Multivariate Analysis
- While the variable may perform well in the univariate analysis, it is possible that the variable underperforms when other variables are introduced. Therfore, a grid search was conducted using all possible combinations of variables to find the best combinations of variables.
- The combination with the highest AUC score was chosen.
Check Multicollinearity
Logistic Regression is sensitive to multicollinearity. Multicollinearity is when the predictor variables are highly correlated with other predictor variables. As a result, it is hard for the model to estimate the effect of each predictor independently. This can result in unstable coefficients where the signs can be flipped, or become very sensitive to smal lchanges in the model.
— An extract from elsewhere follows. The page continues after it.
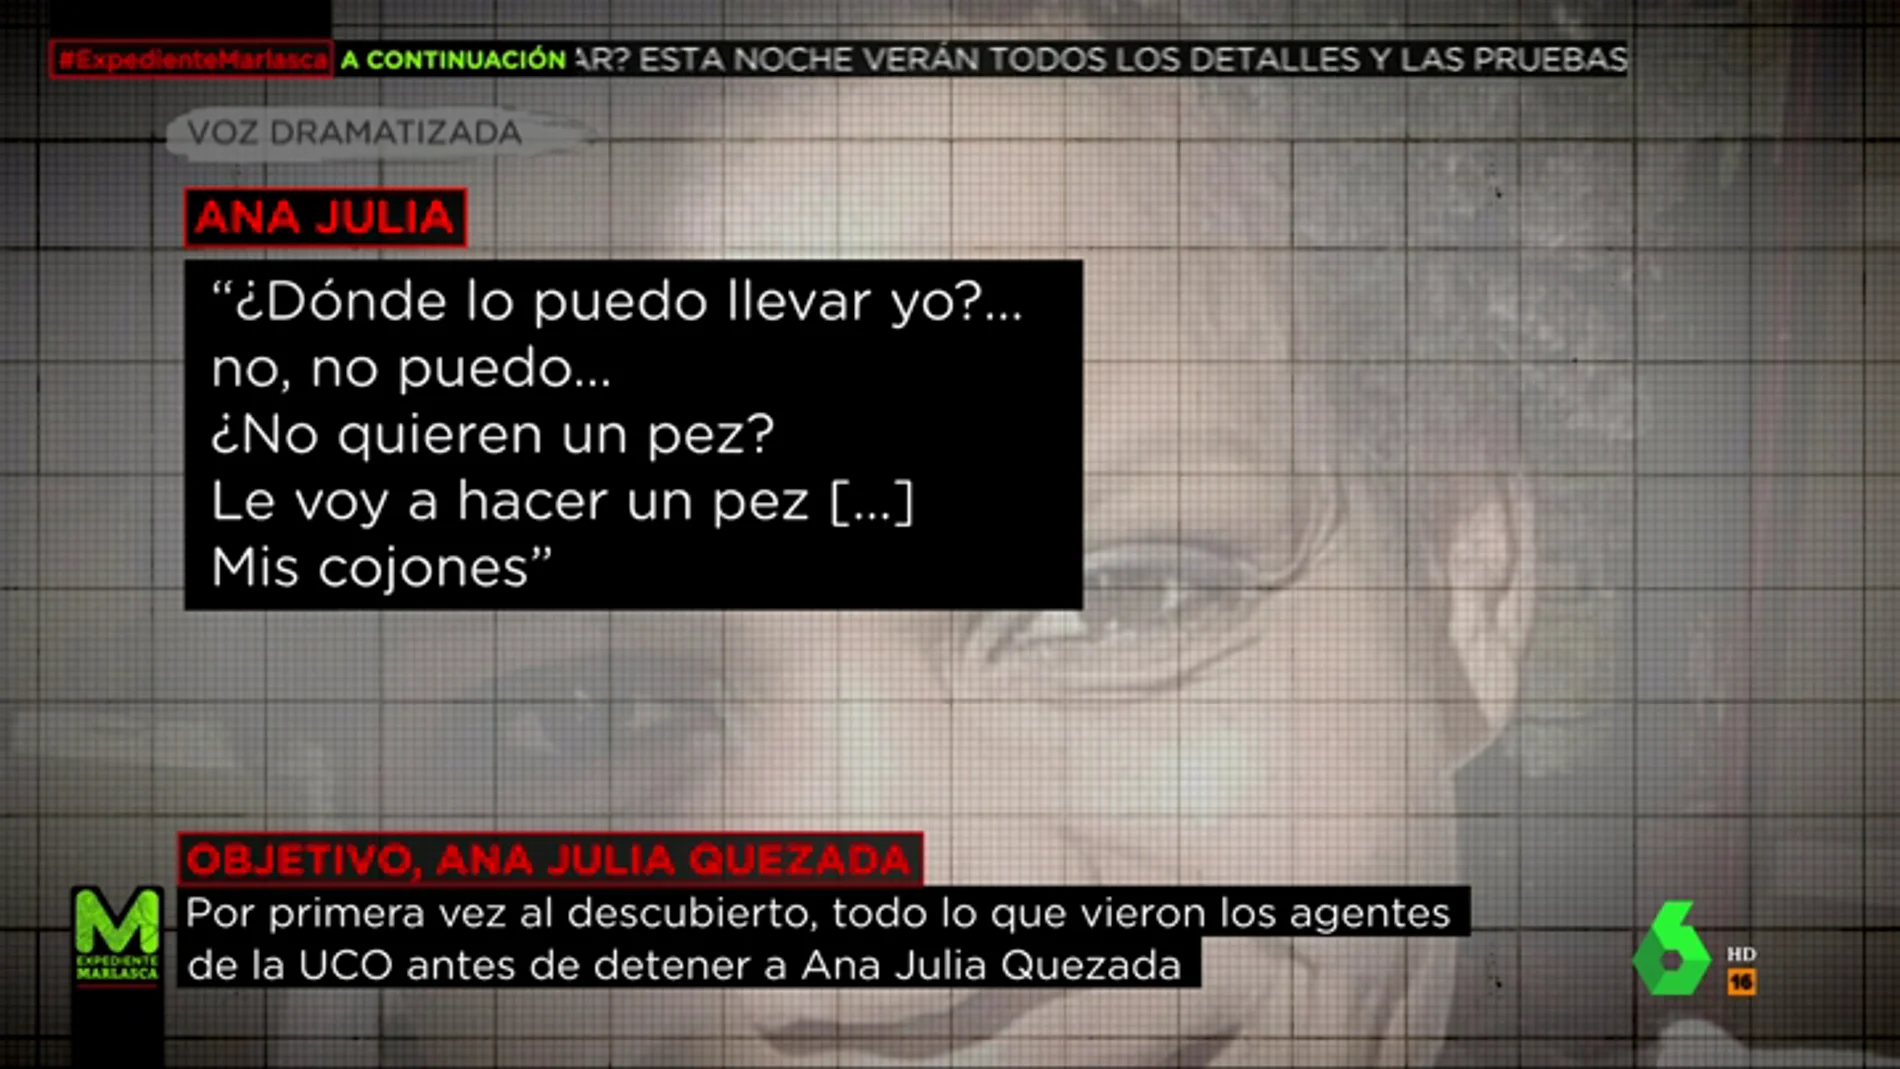 Las grabaciones a Ana Julia Quezada cuando trasladaba a Gabriel: "¿No quieren un pez? Les voy a hacer un pez... mis cojones"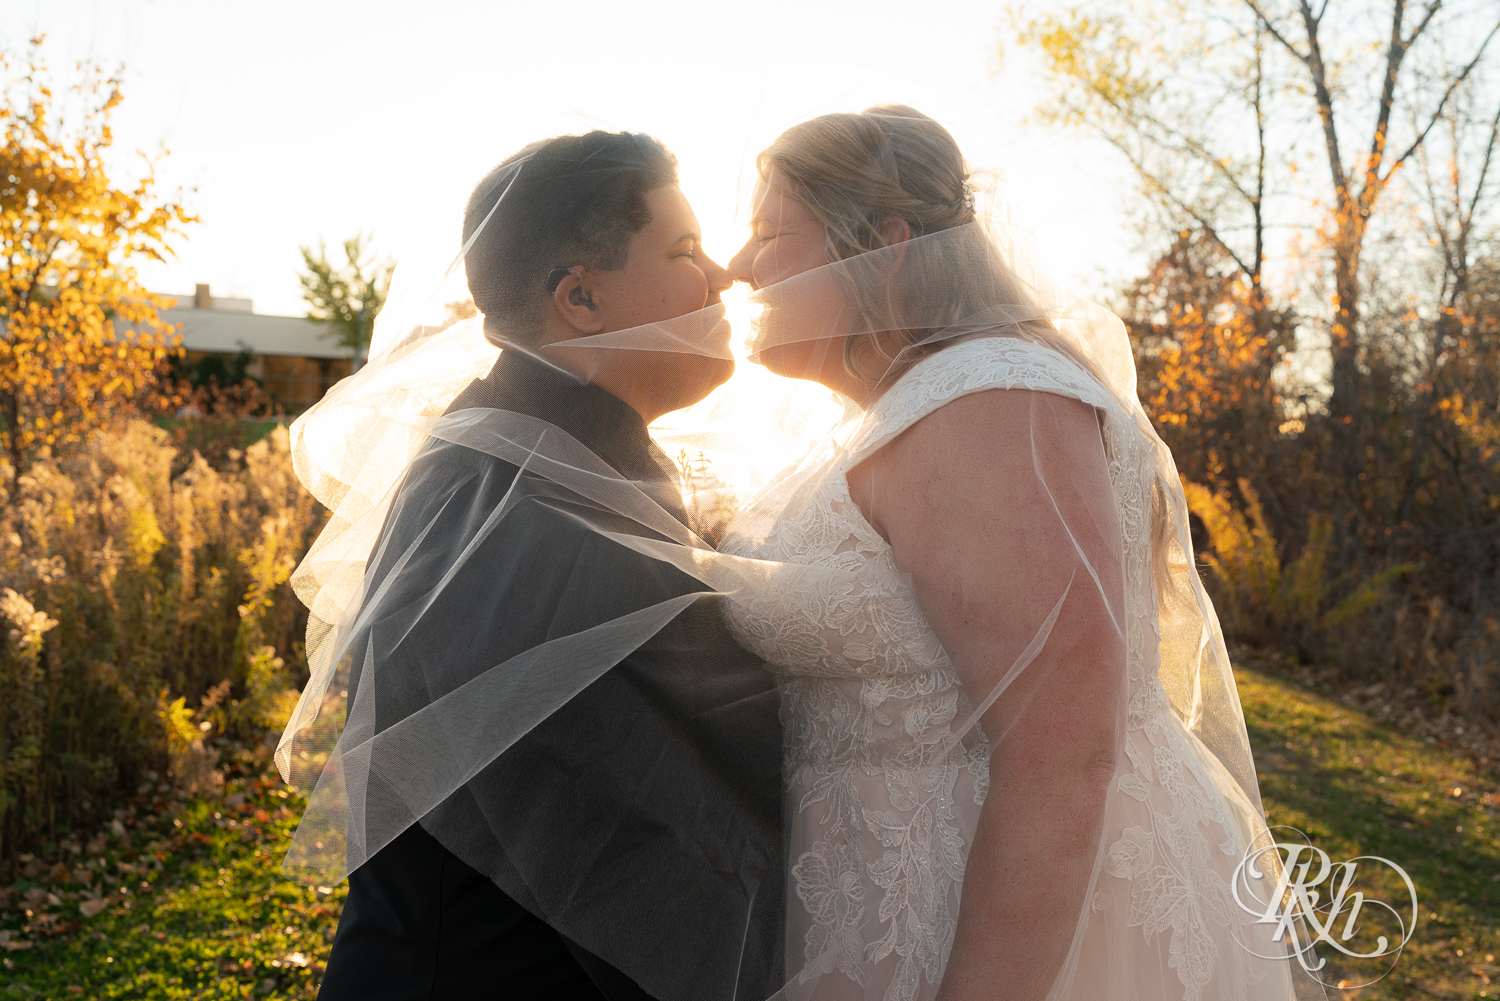 Lesbian brides under veil at sunset at Eagan Community Center in Eagan, Minnesota.

Variation Inflation Factor (VIF) was run on the final variables using a threshold of 5 (about 80% of the variance can be explained by other variables), and removed variables that had VIF score of above 5.
Model Evaluation and Interpretation
Walk-Forward Analysis
Implemented walk-forward analysis for a realistic simulation of financial industry behavior, ensuring robust model performance.
Calibration
- Calibration is defined as the process of adjusting the model’s output to make its predictions more accurate and representative of the real world.
- Mapped the Model Output to Match Training Sample Probabilities by using a non-linear curve mapping.
Interpreting Coefficients and P-value
- Verified the coefficients’ signs aligned with our financial understanding, confirming the model’s validity.
- Ensured that variables with p-values under 0.05 were selected as final variables.
Conclusion and Future Work
The final variables used for the model were:
- total asset
- return on asset
- debt ratio
- cash return assets
- leverage
The AUC using these variables was 0.7761. Using financial variables made a significant improvement upon the baseline model (AUC of 0.701).
Further improvements can be made using a more sophisticated models. For example, a non-parameteric tree-based model like XGBoost or Random Forest model can be tested to see the performance of the AUC. Further assessment will be needed to decide if the improvement on AUC is more beneficial than the explainability of the Logistic Regression.